Penalizzare l’elemosina è come colpire il cuore del messaggio cristiano. Nella parabola del buon samaritano, narrata nel Vangelo di Luca, Gesù mette in risalto la misericordia e la compassione cristiana. Il samaritano dette denaro all’albergatore per mantenerlo qualche giorno e lo coinvolse nella sua preoccupazione: “Abbi cura di lui”. Parlò con l’albergatore. Aiutare un ferito è coinvolgere gli altri, un ambiente, nella cura. La commozione per i poveri è creativa, coinvolgente, intelligente. Da quel giorno, il povero era entrato nella vita del samaritano, perché promise di ritornare. Il ferito anonimo era diventato un nome: quindi un impegno e un amico. Incontrare qualcuno per strada, guardarsi negli occhi, vuol dire ricordarsi il nome, non dimenticarlo: riguarda tutti, ma specie i poveri. Molti tratti di questa esperienza umana e spirituale appartengono al patrimonio non solo cristiano, ma universale.

C’è stato nel corso dei secoli un grave divorzio tra la Chiesa e i poveri. Soprattutto in questi anni, segnati dalla predicazione di papa Francesco di una Chiesa amica dei poveri e in uscita sulle strade, si è colmato il divorzio tra la Chiesa e i poveri. Non è Francesco, uomo di Dio e della preghiera, ma amico dei poveri? Oggi Francesco è la più forte voce per i poveri nel mondo. Un cristianesimo amico dei poveri e, per questo, amico di tutti.

Per Papa Francesco Gesù è nei poveri. Nella Lumen gentium, la costituzione del Concilio Vaticano II sulla Chiesa (1964), si legge al capitolo ottavo: “La Chiesa circonda d’affettuosa cura quanti sono afflitti dalla umana debolezza, anzi riconosce nei poveri e nei sofferenti l’immagine del suo Fondatore, povero e sofferente, anzi si premura di sollevarne l’indigenza e in loro intende servire Cristo”. Tanto che nel messaggio finale del Concilio, rivolto ai poveri e ai sofferenti, si legge: “Sappiate che non siete soli, né separati, né abbandonati, né inutili: siete i chiamati da Cristo, la sua immagine vivente e trasparente”.
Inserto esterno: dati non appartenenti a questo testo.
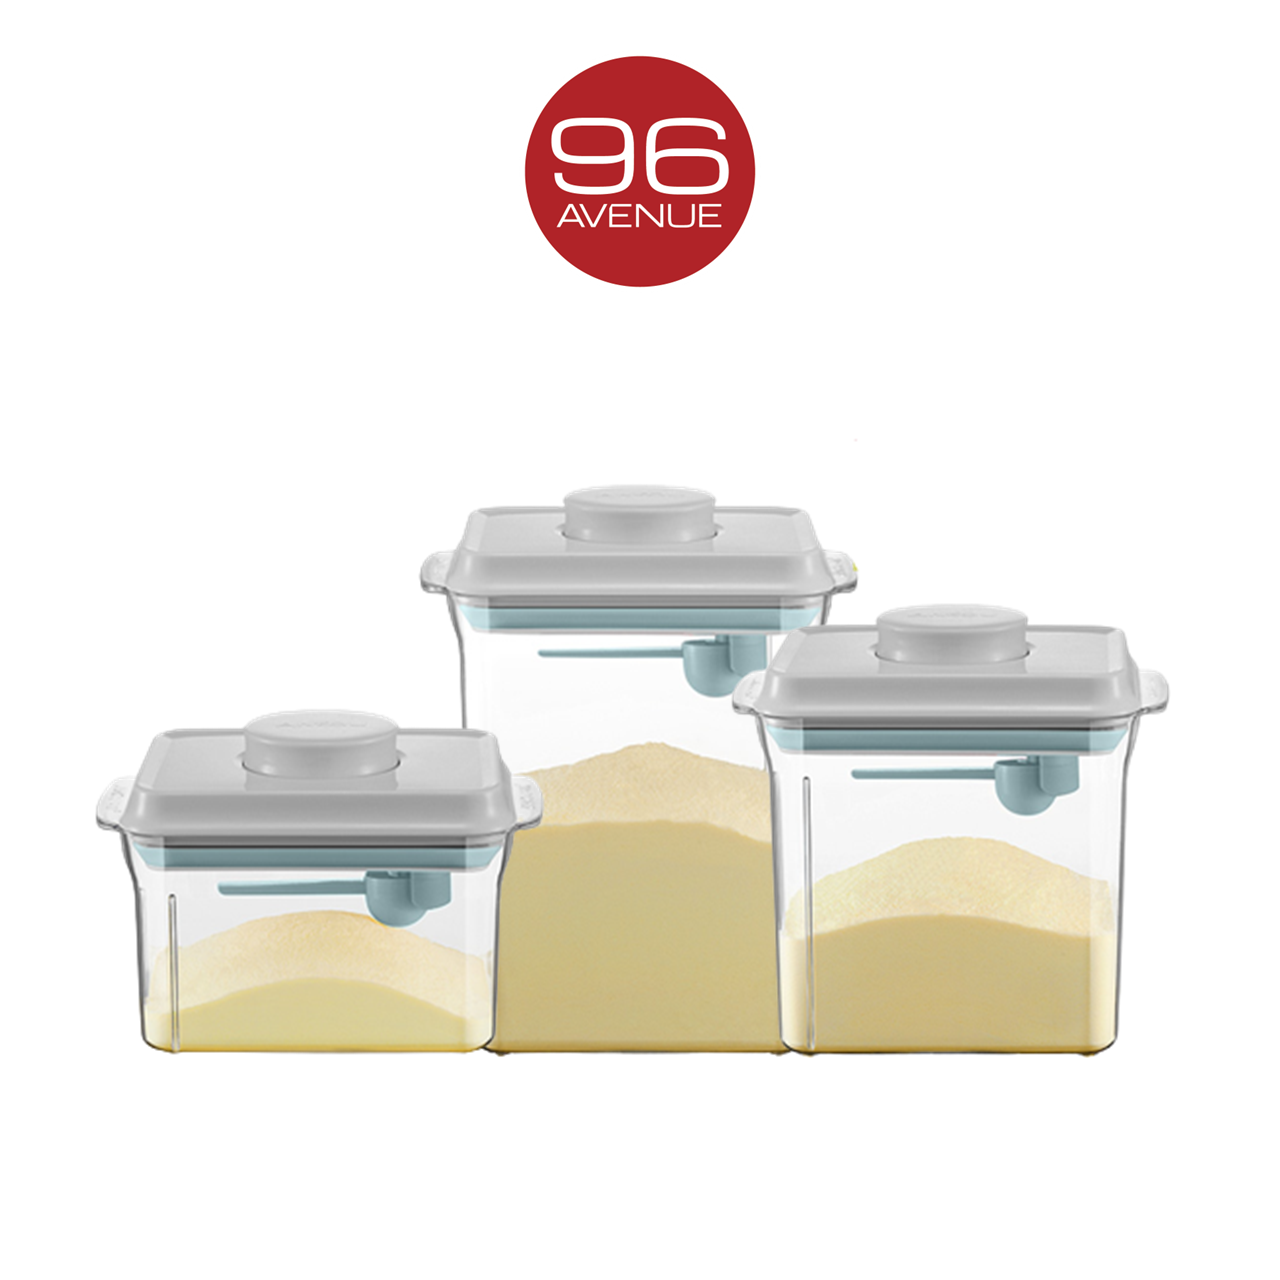 ANKOU AirTight Milk Powder Container with Scraper - Rectangle Clear 1000ml

La parola ebraica che indica l’elemosina, Tzedaka, viene da Tzedek, giustizia. I rabbini enfatizzano l’importanza della Tzedaka dicendo che il suo valore è simile a quello di tutti gli altri comandamenti nessi insieme. Un detto rabbinico insegna: “La Tzedaka salva dalla morte”. Un rabbino contemporaneo Reuven Kimmelman, commenta: “la Tzedaka può anche non salvarci, ma ci rende senza dubbio degni della salvezza”.

L’elemosina nell’espressione della “carità” islamica è molto simile al concetto di carità cristiana, in quanto contiene in sé la solidarietà che si deve avere verso i propri simili più deboli e più bisognosi. L’elemosina nell’Islam rappresenta non solamente un atto di sostegno ai più bisognosi, ma acquista un significato più ampio: è la solidarietà che ogni musulmano deve manifestare concretamente verso la propria umma (comunità intesa sia in ambito religioso che politico).

Non a caso per Papa Francesco l’elemosina deve tramutarsi per tutti in un vero e proprio stile di vita. Il «consumo» della religione non ci rende donne e uomini di Dio, come credono alcuni sovranisti. È l’ascolto della Parola, la sua meditazione nei nostri cuori che ci fa volgere verso Dio. Non è il divino, inteso come prodotto religioso da consumare, a darci un senso di felicità. Una vera e sincera conversione ci porta sempre verso gli esseri umani creati da Dio. Una vera conversione non si limita a trasformare il nostro cuore, ma cambia anche il nostro modo di vivere, le nostre azioni. Infatti, questa emergenza ci ha fatto conoscere un mondo di carità non formale fatta da tanti esercenti, baristi, ristoratori, semplici cittadini che si sono presi cura di tanti poveri di strada. Tanti samaritani che ritengono indecente multare la carità.